**About this task**
Restate the listing below word for word; no pictures belong in the copy.

**Data segment**
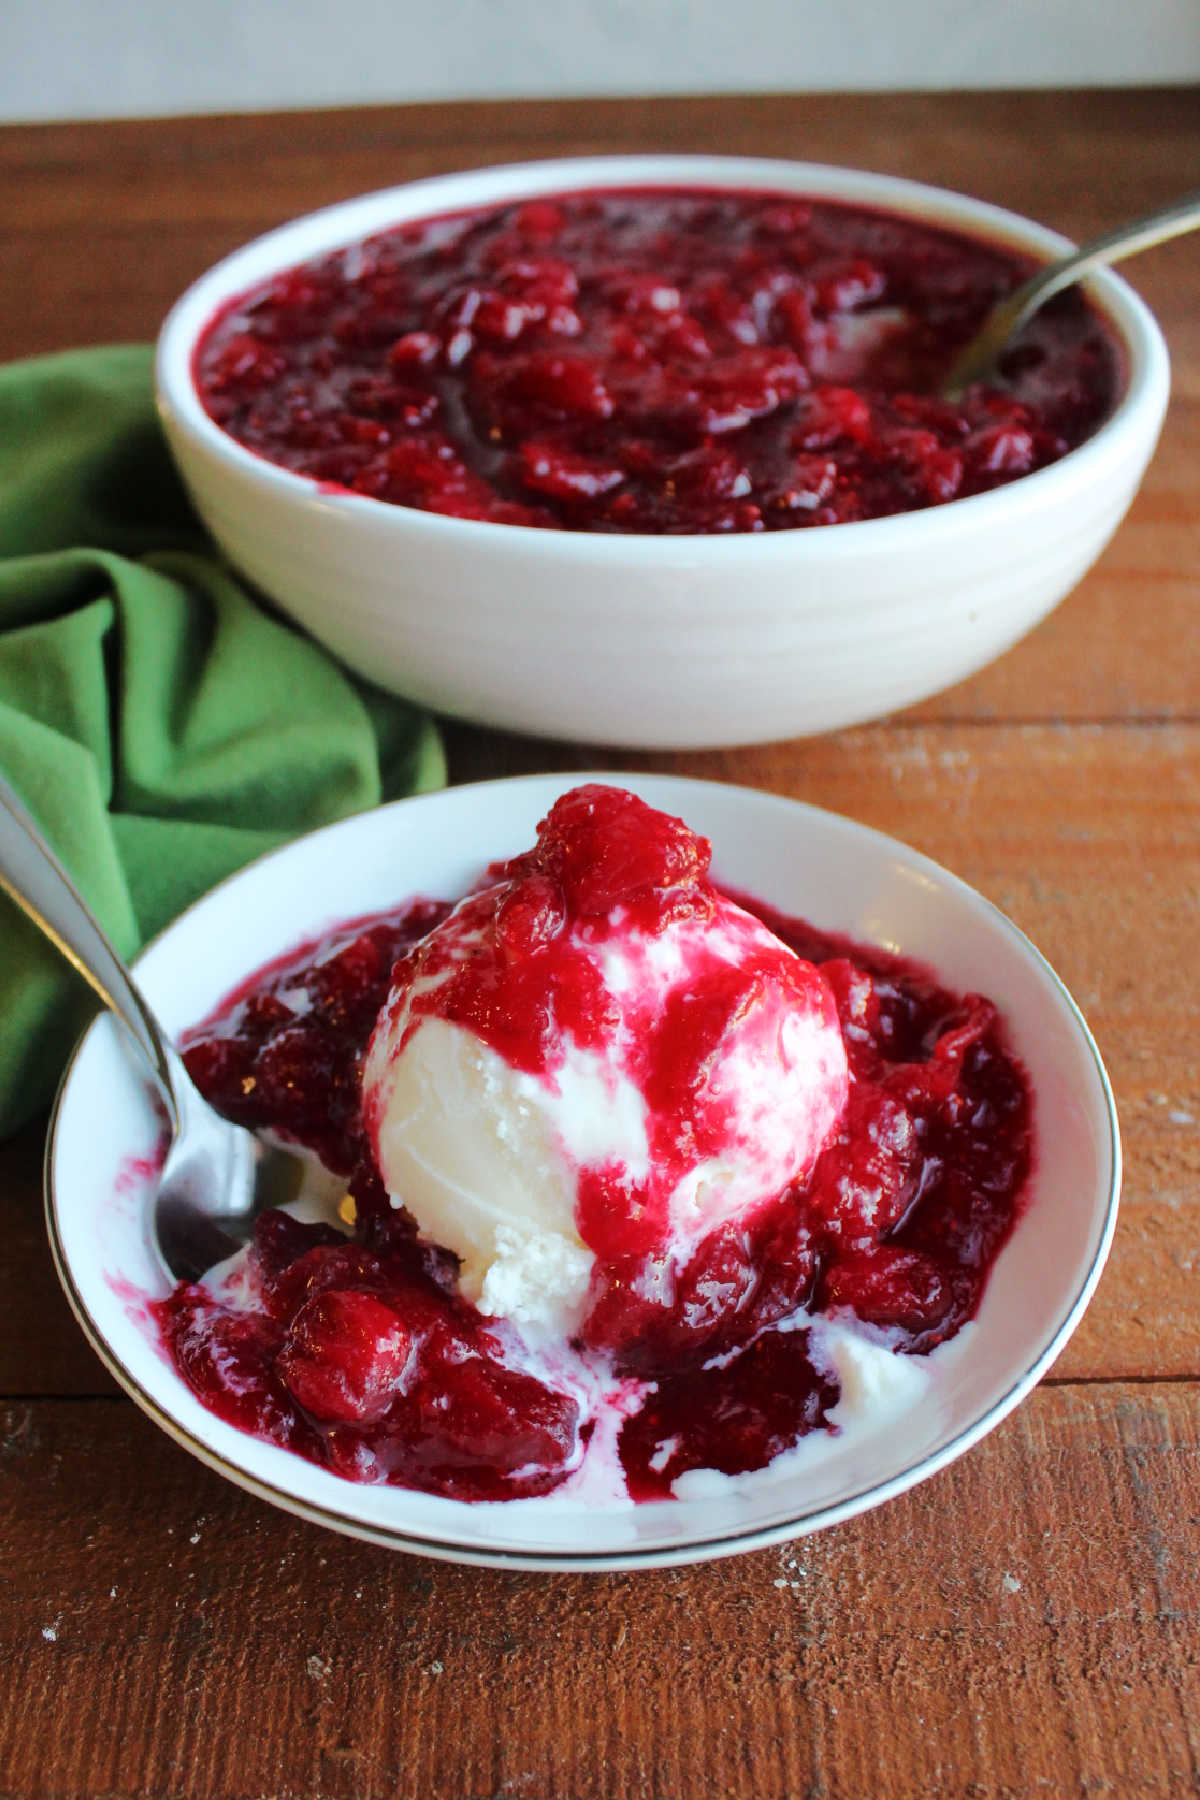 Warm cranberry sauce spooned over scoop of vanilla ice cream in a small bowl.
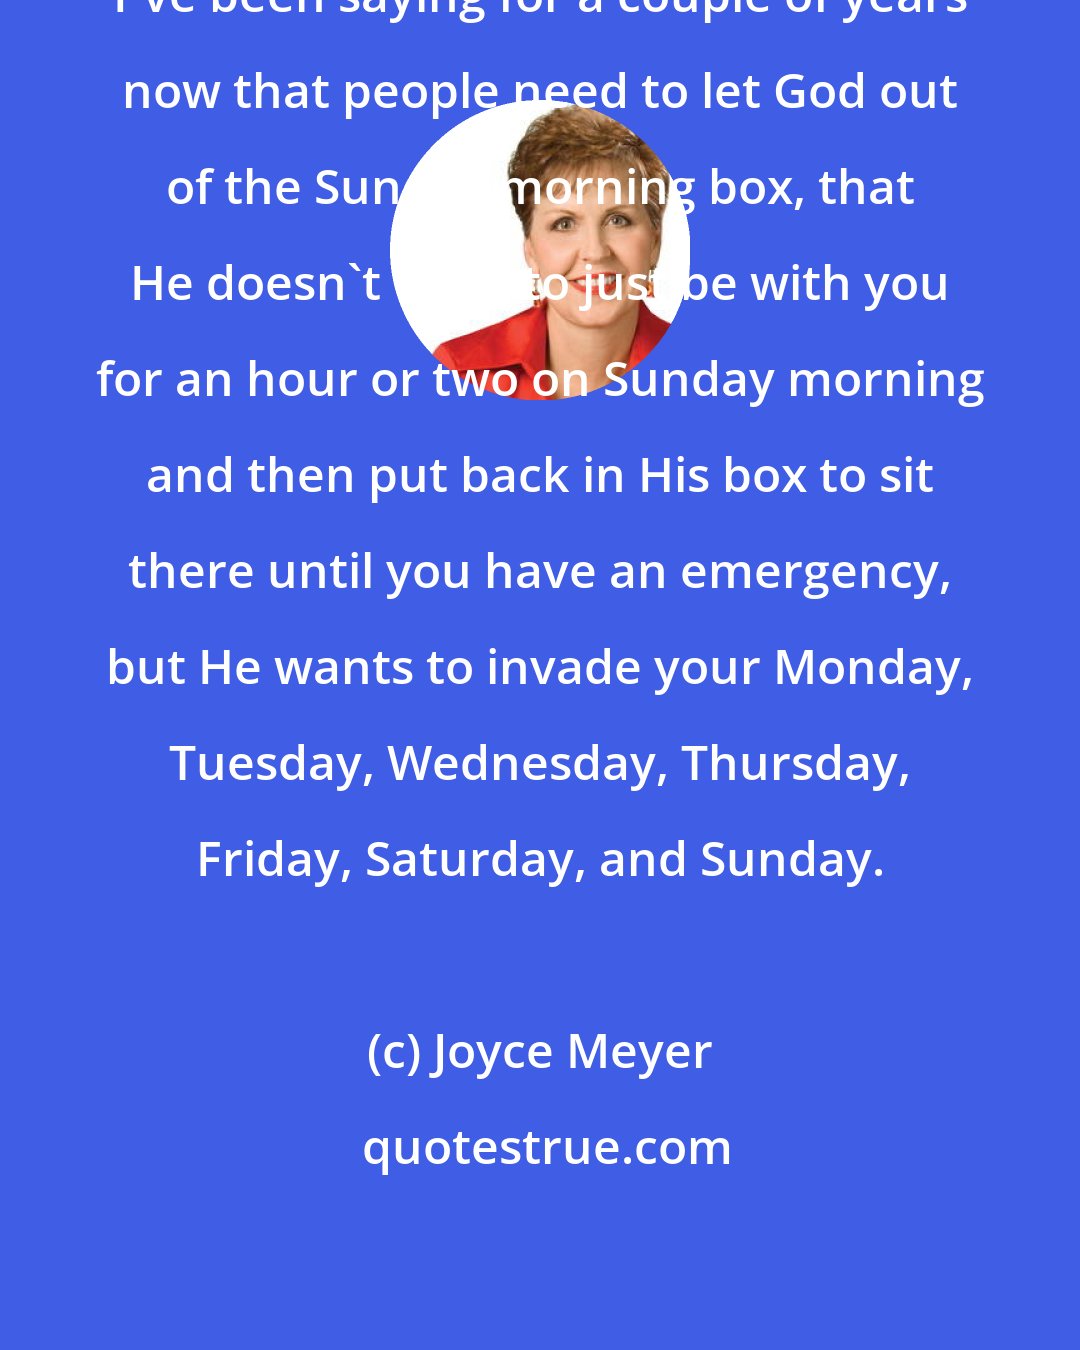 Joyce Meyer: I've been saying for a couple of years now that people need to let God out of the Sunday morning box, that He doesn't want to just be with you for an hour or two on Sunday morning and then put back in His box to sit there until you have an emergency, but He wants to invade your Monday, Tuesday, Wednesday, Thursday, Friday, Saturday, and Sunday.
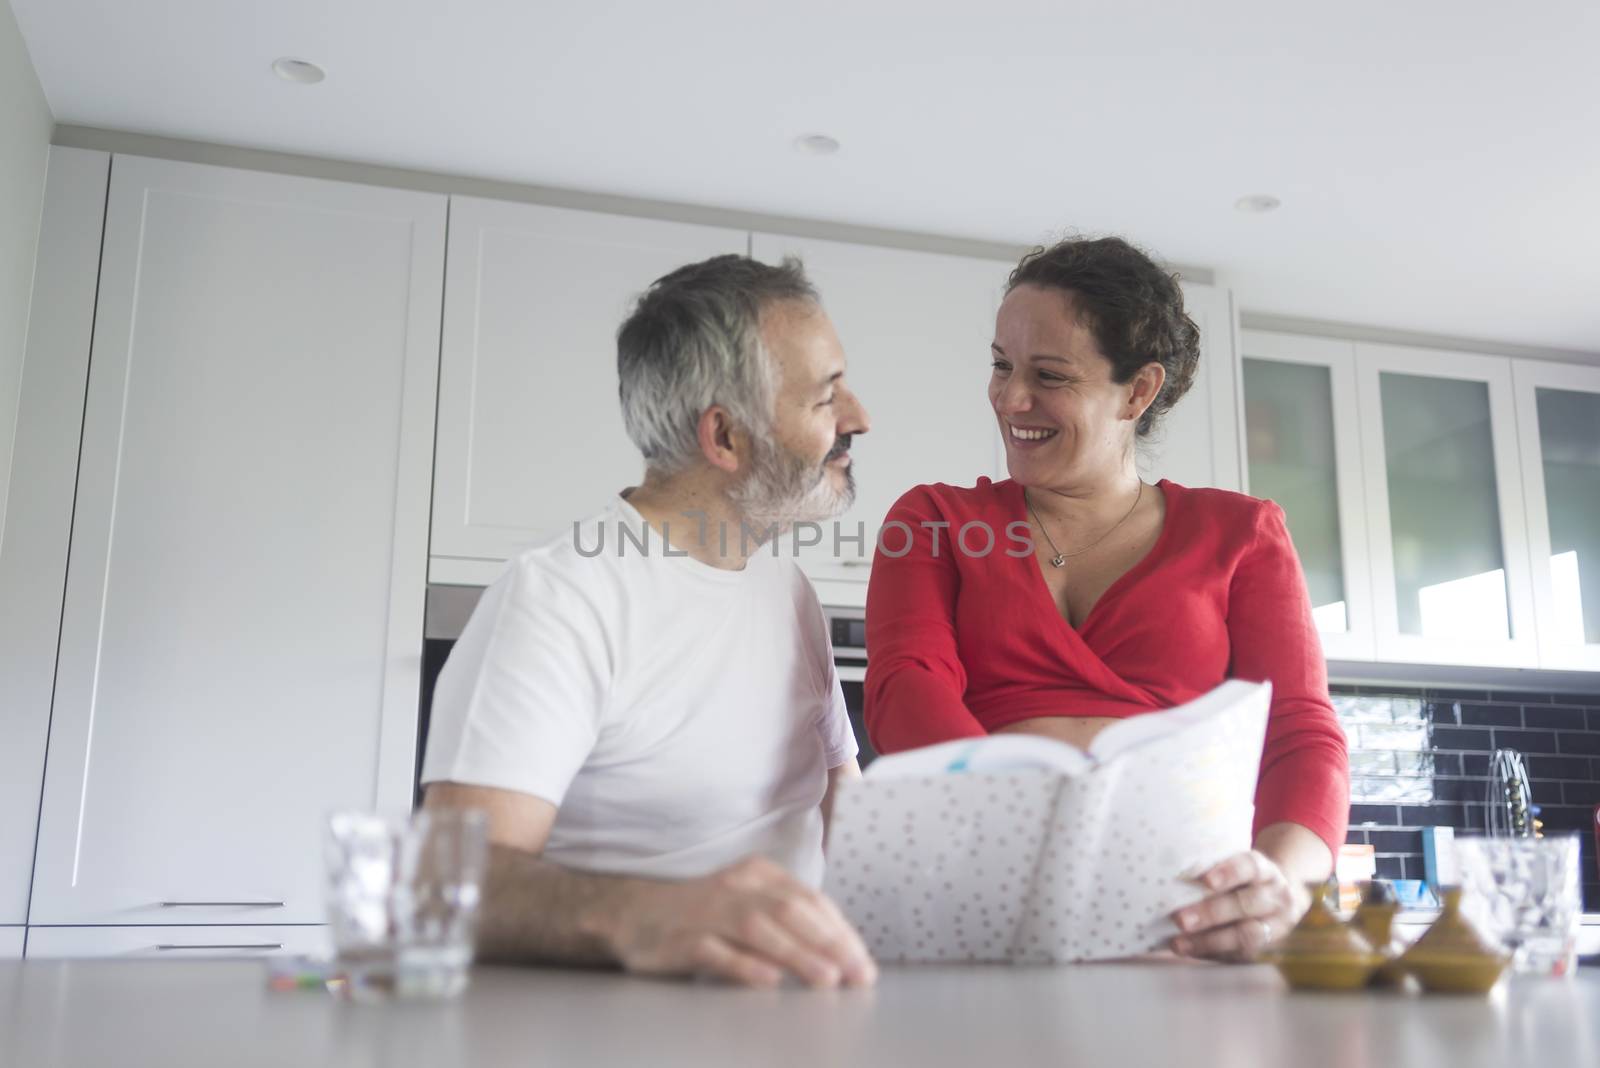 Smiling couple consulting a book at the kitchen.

**Solved problem**
 Warm cranberry sauce spooned over scoop of vanilla ice cream in a small bowl.
 Joyce Meyer: I've been saying for a couple of years now that people need to let God out of the Sunday morning box, that He doesn't want to just be with you for an hour or two on Sunday morning and then put back in His box to sit there until you have an emergency, but He wants to invade your Monday, Tuesday, Wednesday, Thursday, Friday, Saturday, and Sunday.
 Smiling couple consulting a book at the kitchen.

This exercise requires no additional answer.